External backlinks get the attention, but internal links are the structure search engines use to understand what matters most on your site. Here's how to build that structure deliberately.
Internal linking is one of the few SEO levers entirely within your control — you don't need anyone else's cooperation to fix it, unlike backlinks. Despite that, it's often the most neglected. A deliberate internal linking structure does three things: it helps search engines discover every page, it distributes ranking authority from your strongest pages to newer or weaker ones, and it tells crawlers which pages you consider most important.
Google's crawlers follow links to discover and re-crawl pages, and they also use the number and context of internal links pointing to a page as one signal of relative importance within a site. A page linked from your homepage and a dozen related articles signals more importance than a page only reachable by typing its exact URL. This is sometimes called "link equity" flow — authority isn't infinite, and how you route it internally affects which pages are positioned to rank.
The most effective structure is a clear hub-and-spoke model: a small number of pillar pages (broad, comprehensive topics) link out to many supporting pages (specific subtopics), and those supporting pages link back up to the pillar and across to each other where relevant. On this site, the Schema Generator tool page acts as a hub for everything related to structured data, linking out to the dedicated JSON-LD guide and back to related tools like the GEO Readiness Audit.

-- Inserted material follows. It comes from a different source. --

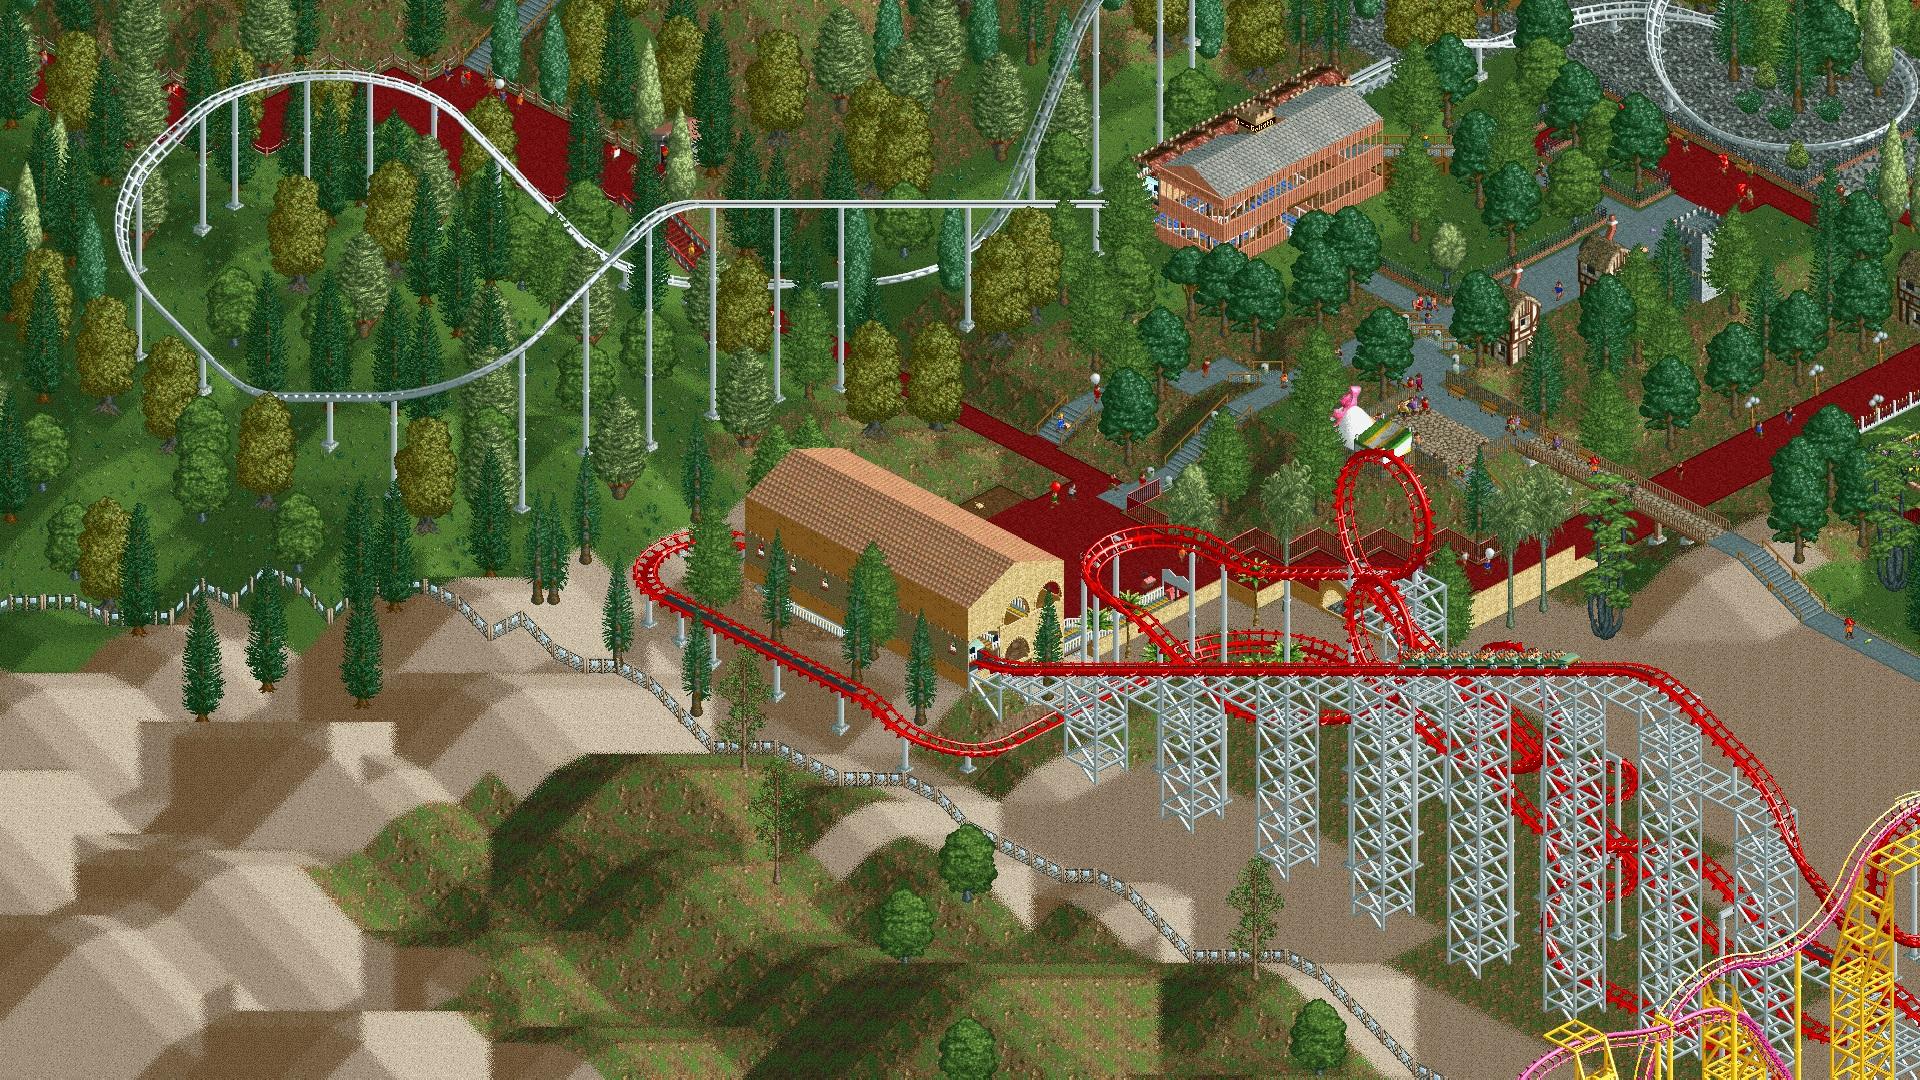 I Built The Most INSANE Theme Park Ever in RollerCoaster Tycoon 2 
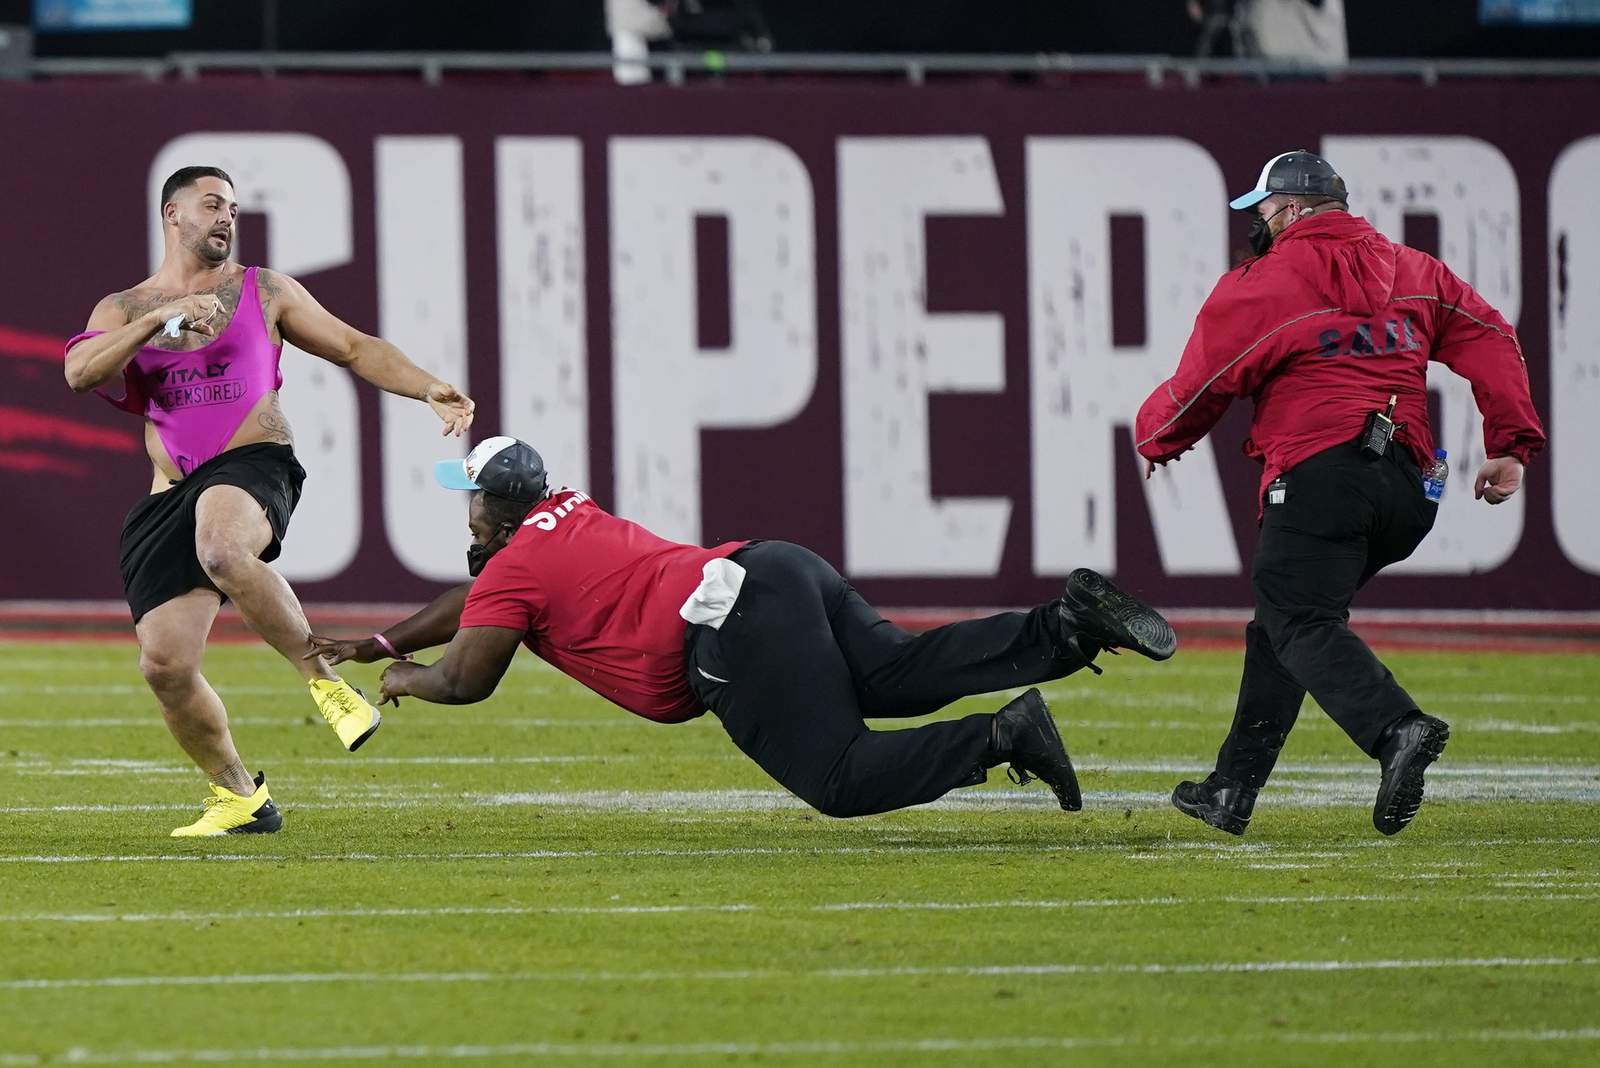 Listen to Kevin Harlan’s hilarious call of Super Bowl streaker: ‘Pull up your pants!’

Generic anchor text like "click here" or "read more" wastes a link's topical signal. Descriptive anchor text — "see our guide to canonical tags" rather than "learn more" — tells both users and search engines what the destination page is about before they arrive. This doesn't mean stuffing exact-match keywords into every link; it means writing anchors the way you'd describe the destination to a colleague.
Breadcrumb navigation (Home > Category > Page) serves two purposes simultaneously: it gives users a clear sense of where they are in a site hierarchy, and it gives search engines an explicit, machine-readable structure when paired with BreadcrumbList schema. The Schema Generator can produce this markup directly — it's one of the lowest-effort, highest-clarity structured data additions a site can make.
A well-linked site doesn't need to be large to perform well — it needs every page to be reachable, contextually connected to related content, and clearly positioned within a logical hierarchy. That structure is free to build and compounds in value as you add more content on top of it.